Final Project for MTH 9871 - Option Price Prediction System Based on Implied Volatility

Project Overview

This project implements a complete option pricing and prediction system, including:

  • Risk-Free Rate Estimation: Estimates risk-free rates from option market data using the Box Spread method
  • Implied Volatility Calculation: Calculates implied volatility for American options using Black-Scholes and Binomial Tree models
  • Price Prediction: Predicts option prices for the next timestamp based on current implied volatility
  • Multiprocessing Acceleration: Supports parallel computation to improve processing speed

Project Structure

.
├── core/                          # Core functionality modules
│   ├── implied_vol_calculator.py # Implied volatility calculation
│   └── option_price_predictor.py # Option price prediction
├── utils/                         # Utility modules
│   ├── dataloader.py             # Data loading and preprocessing
│   └── pricing.py                # Option pricing models (BS, Binomial Tree)
├── scripts/                       # Script files
│   ├── preprocess_data.py        # Data preprocessing script
│   └── predict_iv.py             # Prediction script
├── data/                          # Data directory
│   ├── raw/                      # Raw data
│   └── processed/                # Processed data
├── config.py                      # Configuration file

Installation

Requirements

  • Python >= 3.11
  • Virtual environment recommended

Installation Steps

  1. Clone the project (if applicable)
git clone <repository-url>
cd Final
  1. Create virtual environment
python -m venv .venv
# Windows
.venv\Scripts\activate
# Linux/Mac
source .venv/bin/activate
  1. Install dependencies
pip install -e .

Or using uv (if installed):

uv pip install -e .

Usage

1. Data Preprocessing

First, calculate the risk-free rate and implied volatility:

from scripts.preprocess_data import main

main()  # Calculate r and IV, results saved in data/processed/

Or call manually:

from core.implied_vol_calculator import estimate_iv, estimate_rate
from utils.dataloader import load_raw_data

# Load raw data
snapshot, expiration_date = load_raw_data()

# Estimate risk-free rate
r = estimate_rate(snapshot, expiration_date, cache=True)

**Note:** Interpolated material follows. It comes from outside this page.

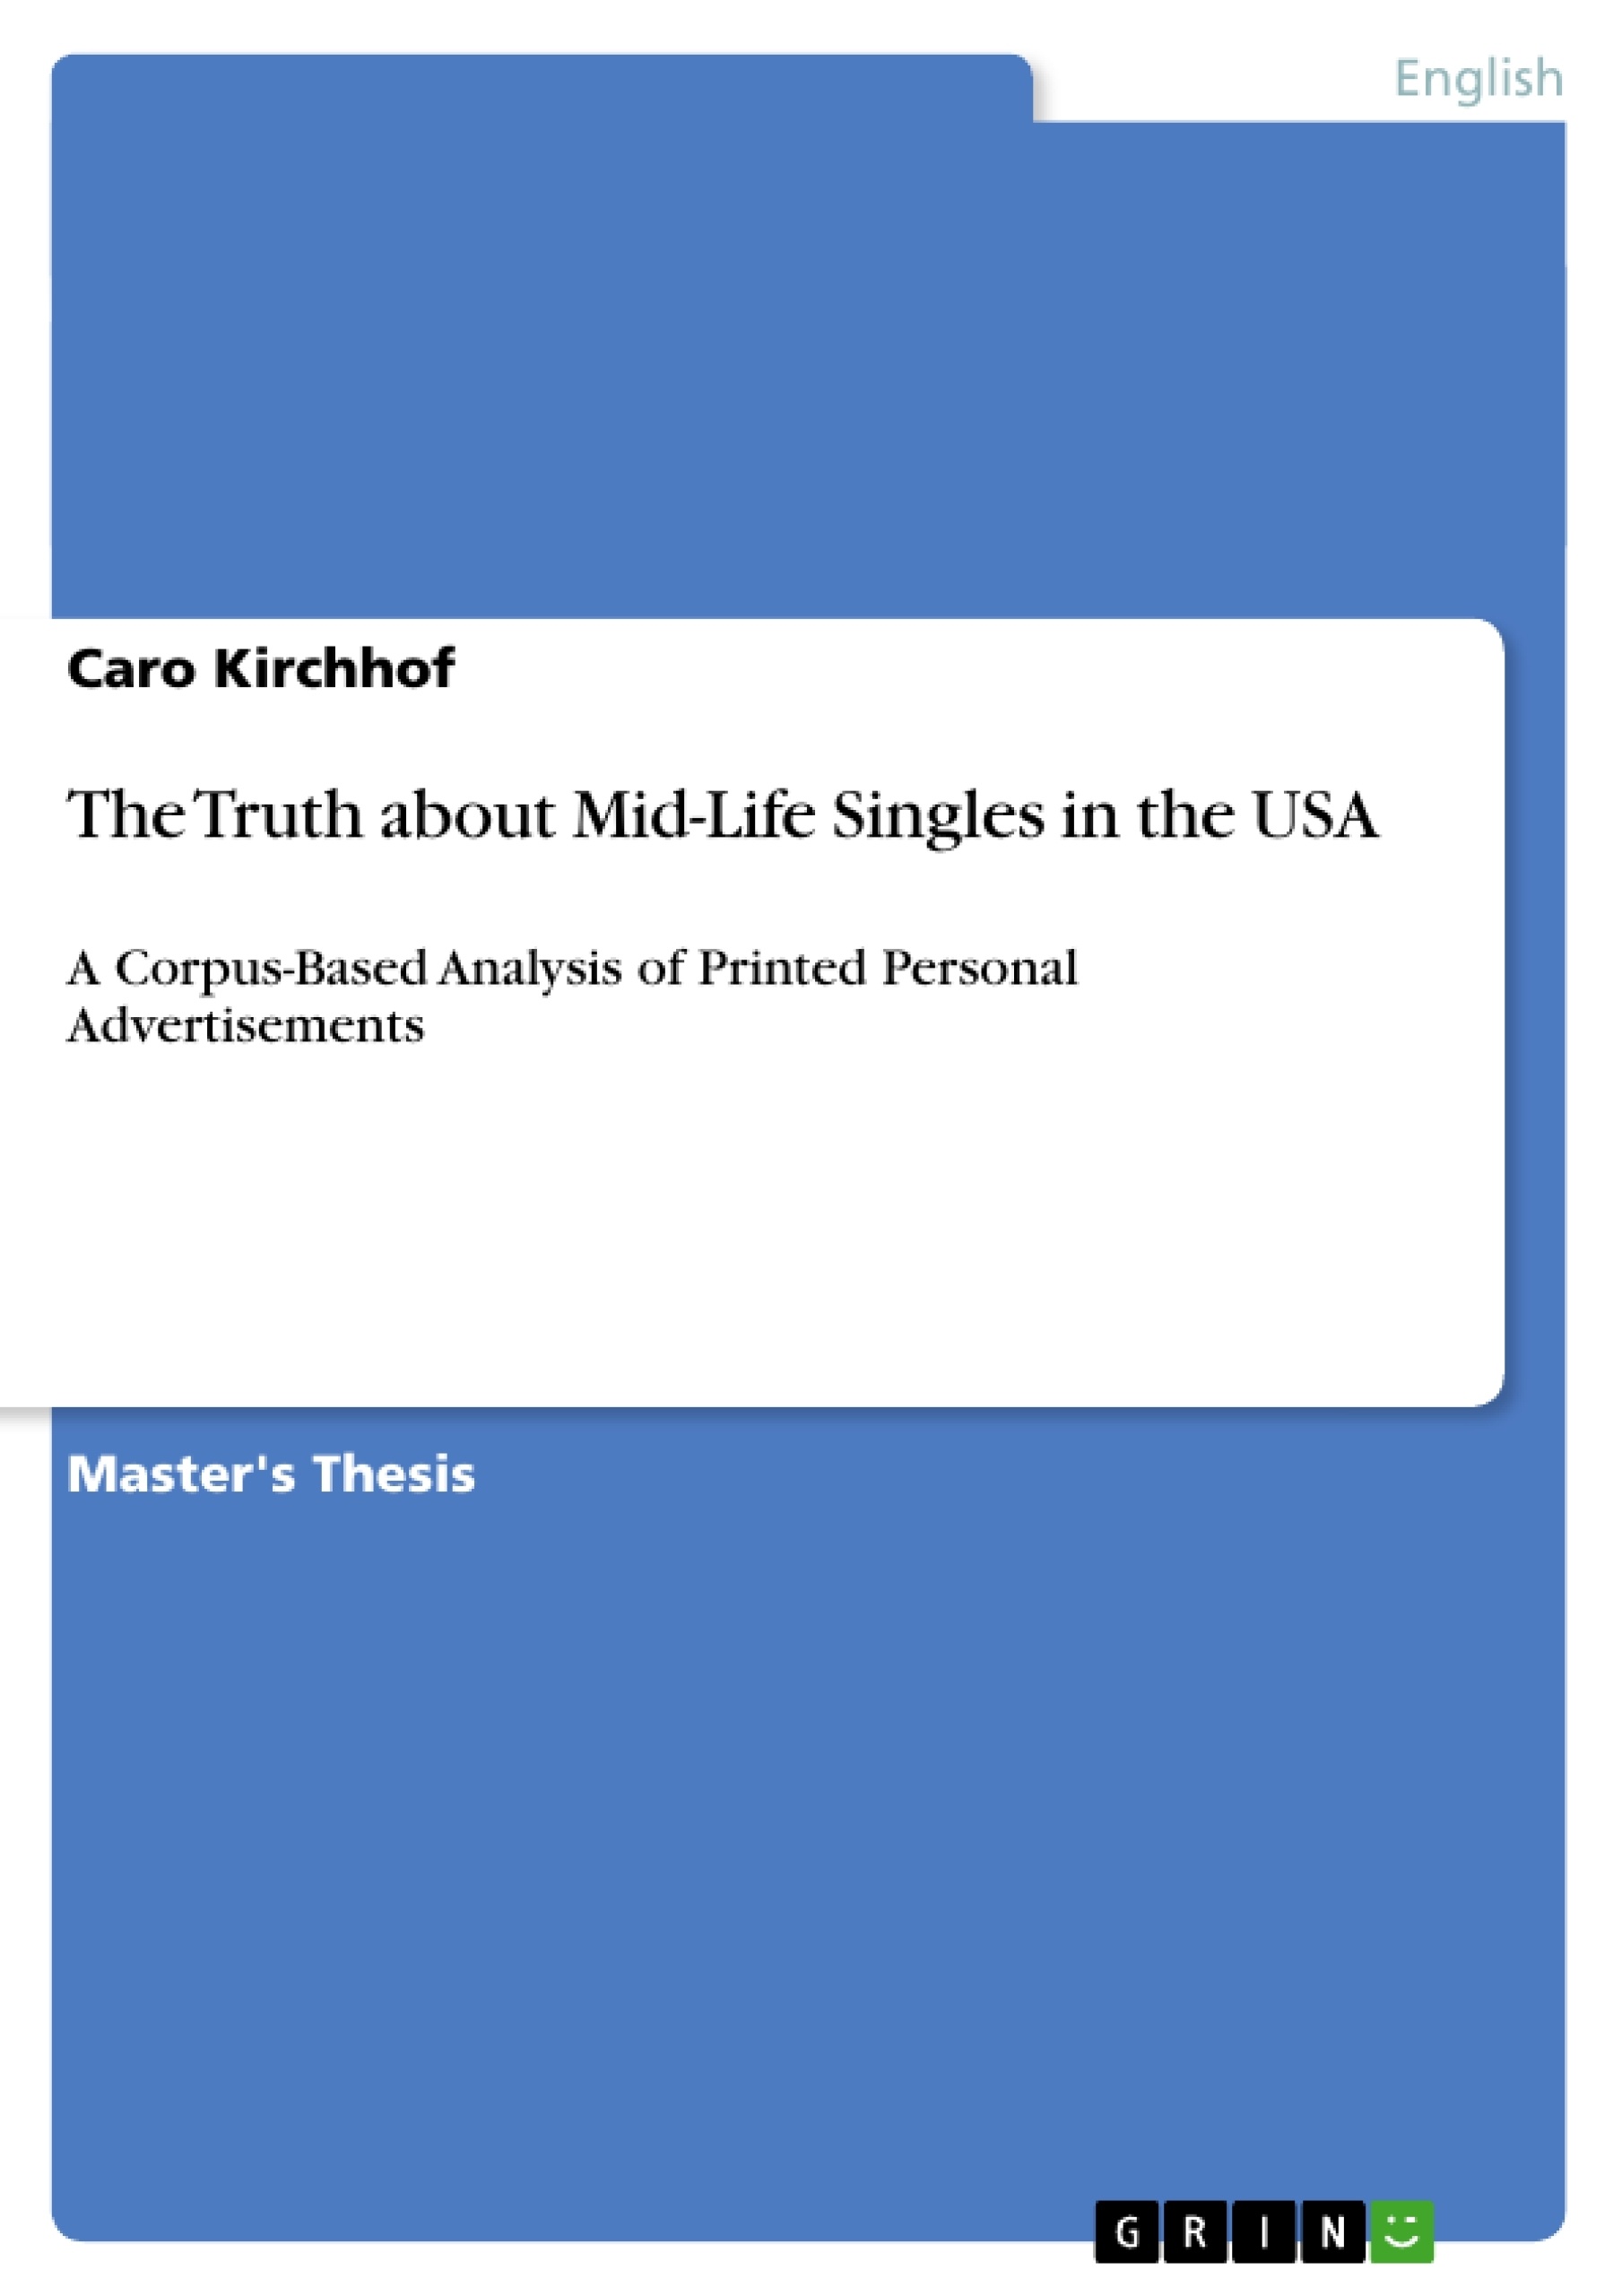 Titel: The Truth about Mid-Life Singles in the USA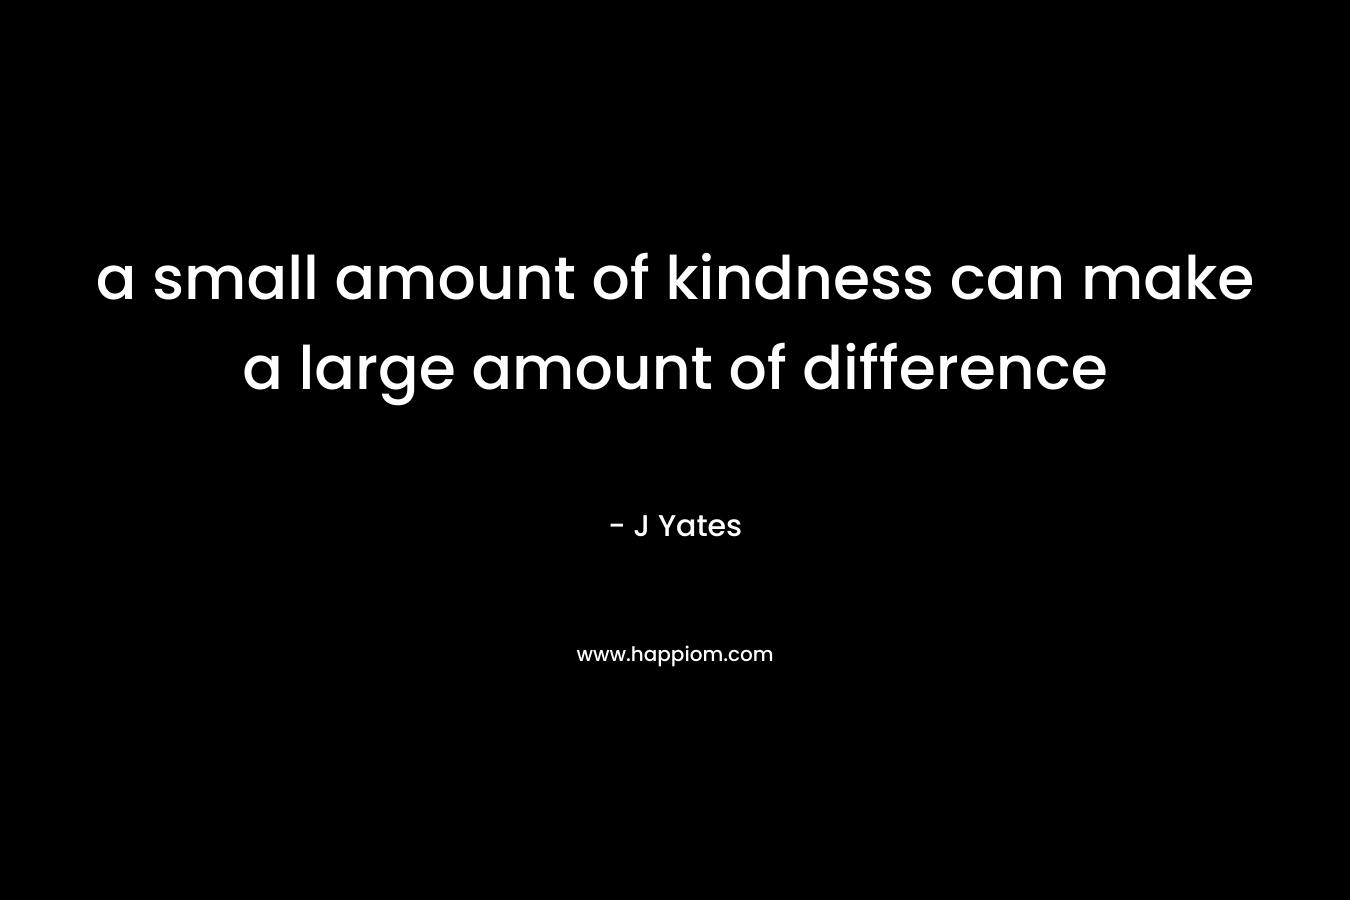 a small amount of kindness can make a large amount of difference

# Calculate implied volatility
iv = estimate_iv(
    snapshot, 
    expiration_date, 
    r, 
    binomial_tree_steps=100,
    n_workers=10,
    cache=True
)

2. Price Prediction

Use the calculated IV to predict option prices for the next timestamp:

from core.option_price_predictor import predict_all_next_prices
from utils.dataloader import load_data

# Load data (including r and iv)
snapshot, expiration_date = load_data()

# Predict prices
snapshot_with_predictions = predict_all_next_prices(
    snapshot,
    expiration_date,
    binomial_steps=100,
    exercise_type="american",
    n_workers=10,
    cache=True
)

Core Features

Risk-Free Rate Estimation (estimate_rate)

  • Method: Box Spread method
  • Principle: Uses the difference between synthetic forward prices from call and put options to estimate risk-free rate
  • Features:
    • Uses quantile filtering to remove extreme values
    • Uses Exponential Weighted Moving Average (EWM) to smooth the rate series
    • Supports caching to speed up repeated calculations

Implied Volatility Calculation (estimate_iv)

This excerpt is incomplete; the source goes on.